Ni emblème creux, ni motif d’agrément, le sourire ici est dense. Il traverse les œuvres comme une énergie souterraine. Il surgit là où on ne l’attend pas, dans une mosaïque pixelisée, une bouche de pierre sculptée il y a des siècles, un geste pictural généreux, une scène de rue dérobée. Présence silencieuse, résistance douce, mémoire transmise. Le sourire devient le cœur battant d’une autre manière de voir — et d’éprouver — l’art.
Conçu par Alexia Guggémos, l’ambassadrice invitée du Musée du sourire, ce parcours sensible propose une sélection de lieux et d’artistes où le sourire se donne à lire dans toutes ses nuances : ironique, joyeux, mystique, complice, parfois fragile. En creux, il dessine une cartographie affective de la rive gauche — de la rue de Seine au carrefour de l’Odéon, en passant par les cimaises du Musée du Luxembourg. Cette déambulation, loin d’un marathon d’expositions, invite à une forme de flânerie engagée, revendiquant une lecture sensible du monde, à hauteur d’émotion.
Au-delà des murs blancs des galeries, Un fil d’Ariane nommé sourire questionne : que reste-t-il du sourire dans une époque saturée d’images ? Que peut l’art pour le préserver — ou le réinventer ? Ce parcours n’apporte pas de réponse. Il propose une expérience. Une suspension. Un regard. Le parcours commence en force et en joie, se poursuit dehors, là où le verbe claque sur les murs. Le sourire devient ici un acte : un outil de lutte, de jeu, de mémoire.
• Musée du Luxembourg – Tous Léger
Dès l’entrée, La Danseuse bleue (1930) de Fernand Léger donne le ton. Sur son visage, un sourire discret, presque effacé, trace une ligne fragile entre modernité et mélancolie. Puis l’explosion : Karel Appel (Le Cycliste), Niki de Saint Phalle et ses créatures bondissantes. Le mouvement, la couleur, l’humour graphique — tout y pulse d’une joie physique. Un remède à la grisaille.
• Rue Férou – L’instant poésie
La poésie s’invite dans le parcours. Rue Férou, entre le jardin du Luxembourg et Saint-Sulpice, les vers du Bateau ivre d’Arthur Rimbaud s’affichent sur un mur. Gravés dans la pierre, ils résonnent autrement sous les pas du promeneur.

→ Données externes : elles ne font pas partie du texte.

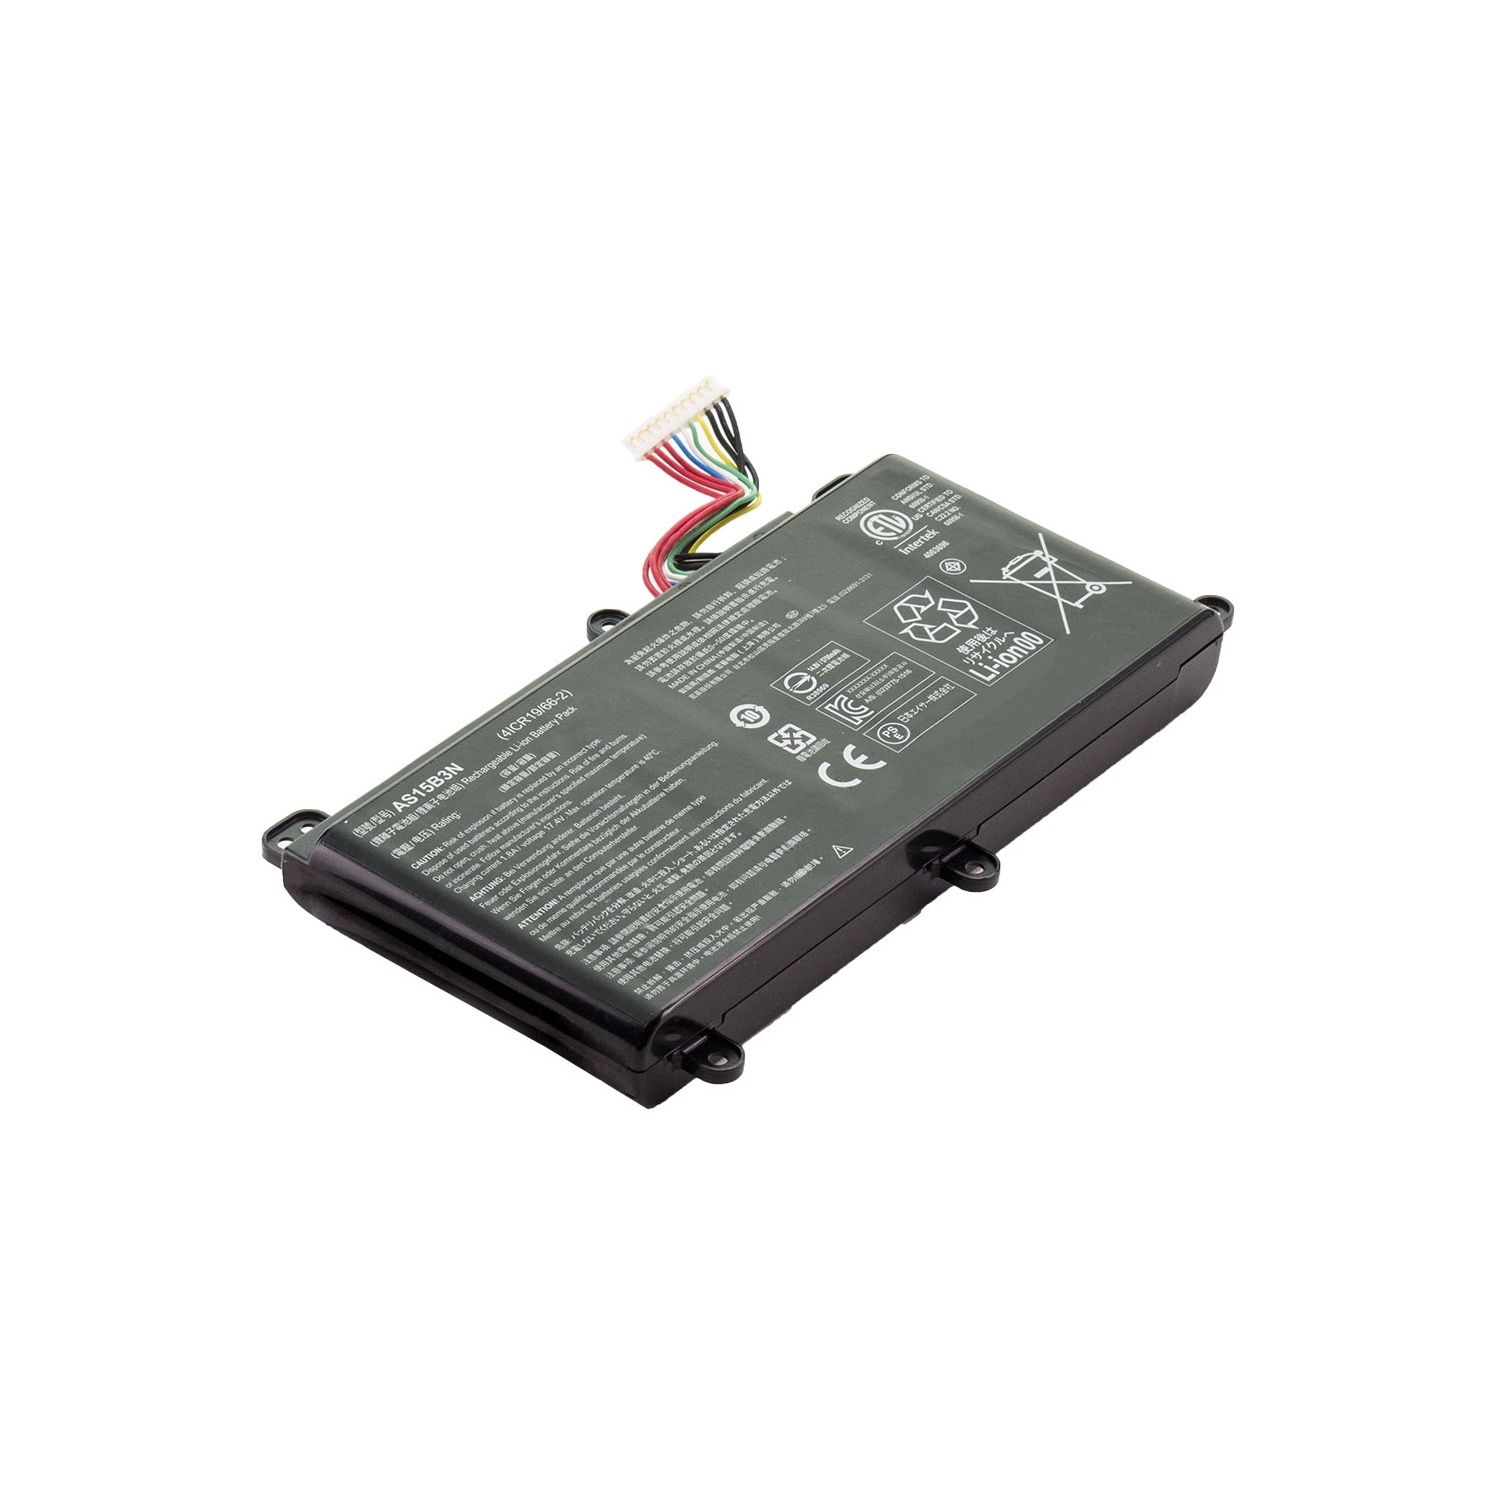 BATTDEPOT NEW Laptop Battery for Acer Predator 15 G9-592-73W6 AS15B3N KT.00803.004 KT.00803.005
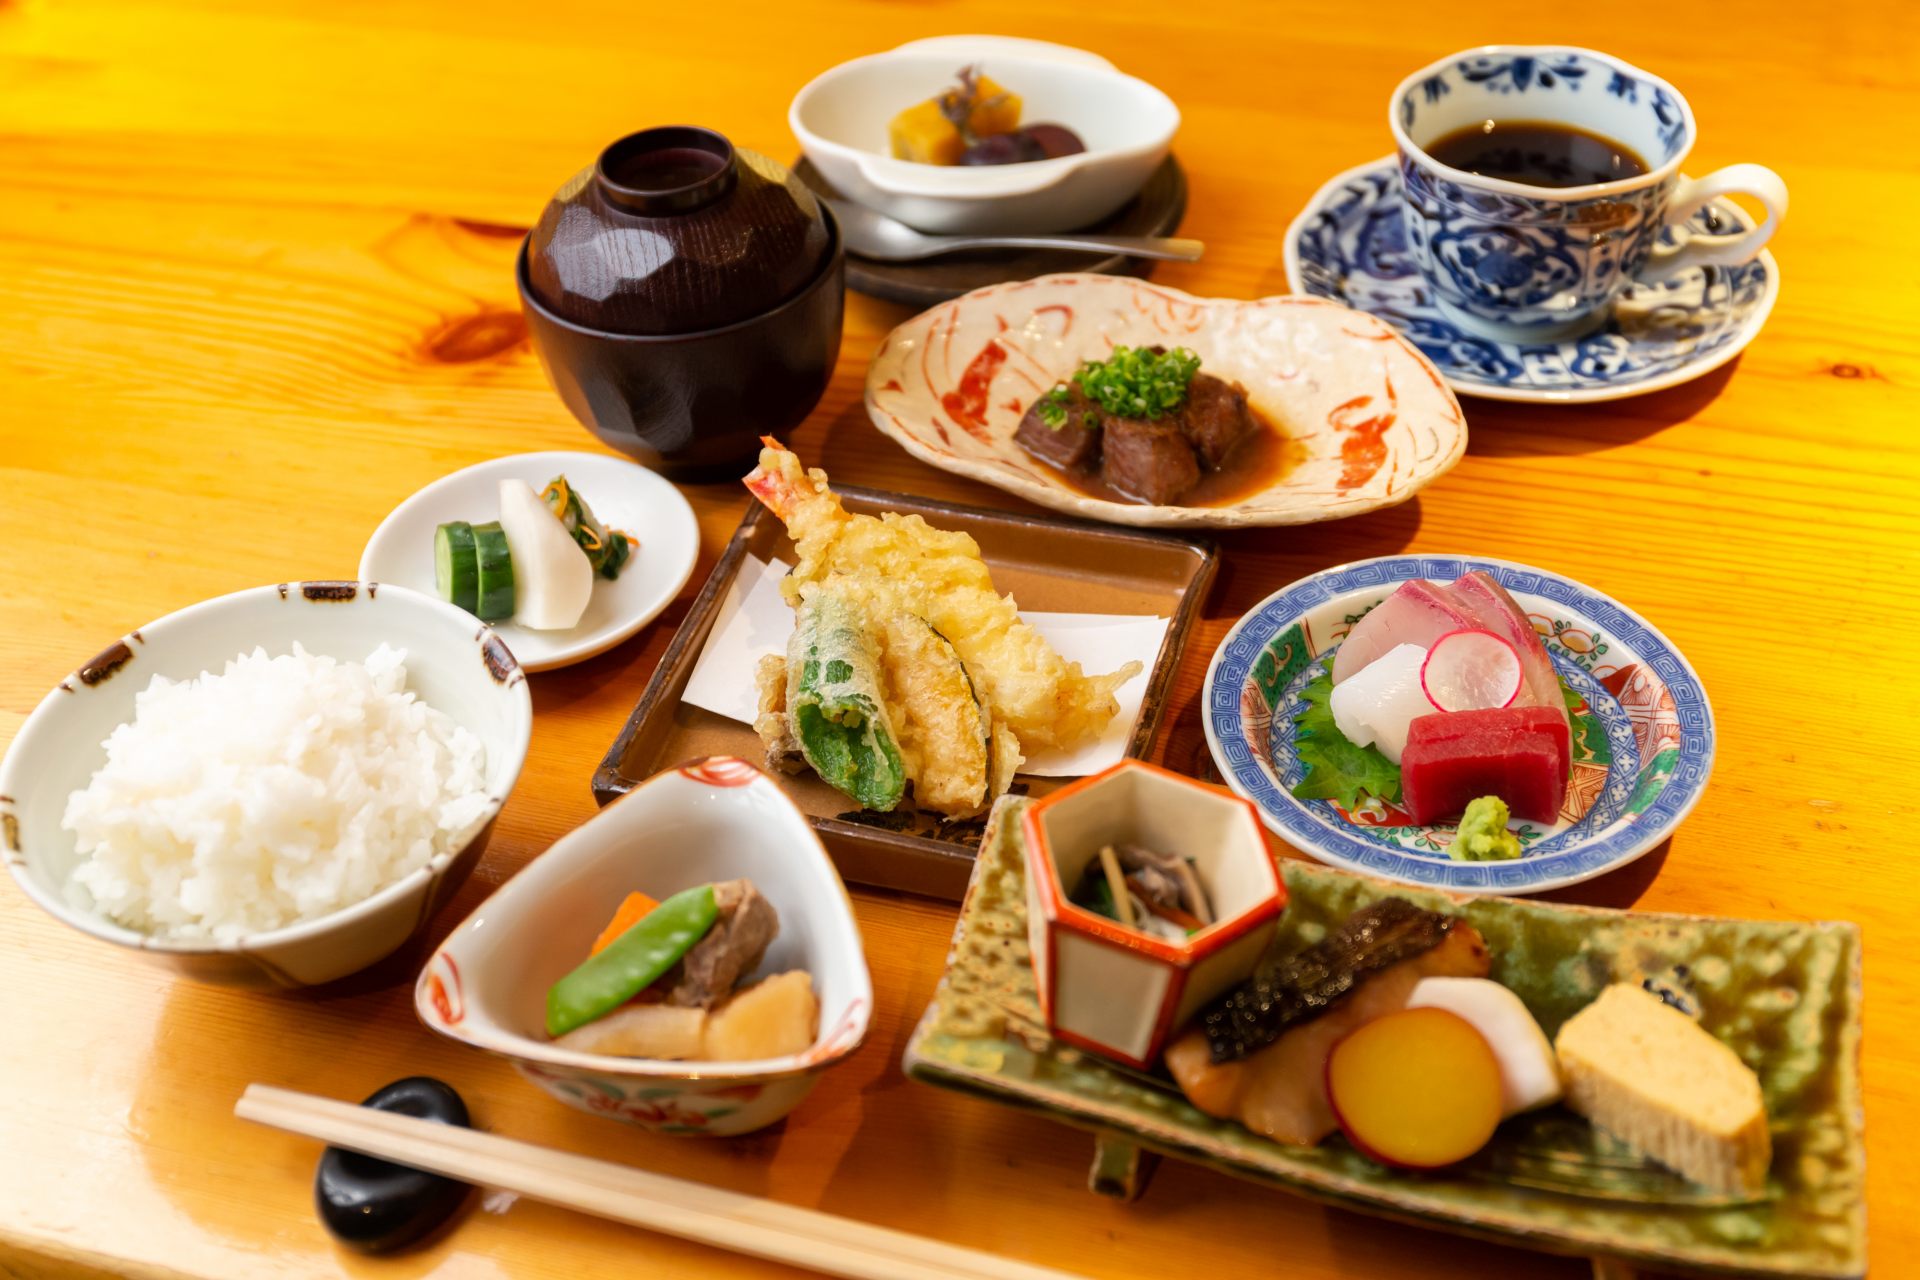 Lunch at Toki no Kura, featuring seasonally fresh fish and vegetables.

Le poème est une ivresse, une fuite, un appel. Mais aussi un éclat fugitif de sourire, glissé au détour d’un vers dans Une saison en enfer.
« Je réclame ! une prière, un sourire, un regard, quelque chose de cher une fois, — et je monte au ciel, et j’étreins Dieu ! »
• Carrefour de l’Odéon – Jeux de rue
Ici, c’est un jeu d’observation. Une mosaïque d’Invader guette les passants au-dessus d’une porte : pixelisation du clin d’œil, détournement du quotidien. Plus loin, rue de l’Échaudé, le visage souriant de John Hamon, l’éternel candidat, nous rappelle que l’art, parfois, est simplement là — persistant, malicieux, imprévu.
• Galerie Zidoun & Bossuyt – Summer Wheat
Première exposition française pour l’Américaine Summer Wheat. Sa peinture, filtrée à travers une grille métallique, évoque le tissage, la répétition des gestes. Figures puissantes, féminines, pleines d’humour et de vitalité. Le sourire n’y est jamais figé : il circule, il vibre, il résiste.
Un kulap papou en calcaire blanc. L’émotion change de registre. Le sourire de cette figure sacrée de Nouvelle-Irlande, figé dans la pierre, semble à la fois protecteur, mystique, intemporel. Un sourire qui traverse les âges et les cultures, et qui invite à la contemplation, au silence. La sculpture a appartenu à Georges Goldfayn, assistant et ami d’André Breton.
Le sourire se révèle ainsi dans ses multiples nuances. Tendre, ironique, sacré, politique. Il glisse entre les œuvres, s’imprime sur les murs, s’insinue dans les regards. Il crée un lien invisible entre des gestes artistiques lointains et des émotions très présentes. Ce parcours Un fil d’Ariane nommé sourire n’impose rien : il invite. À s’arrêter. À regarder. À sourire. En toute liberté.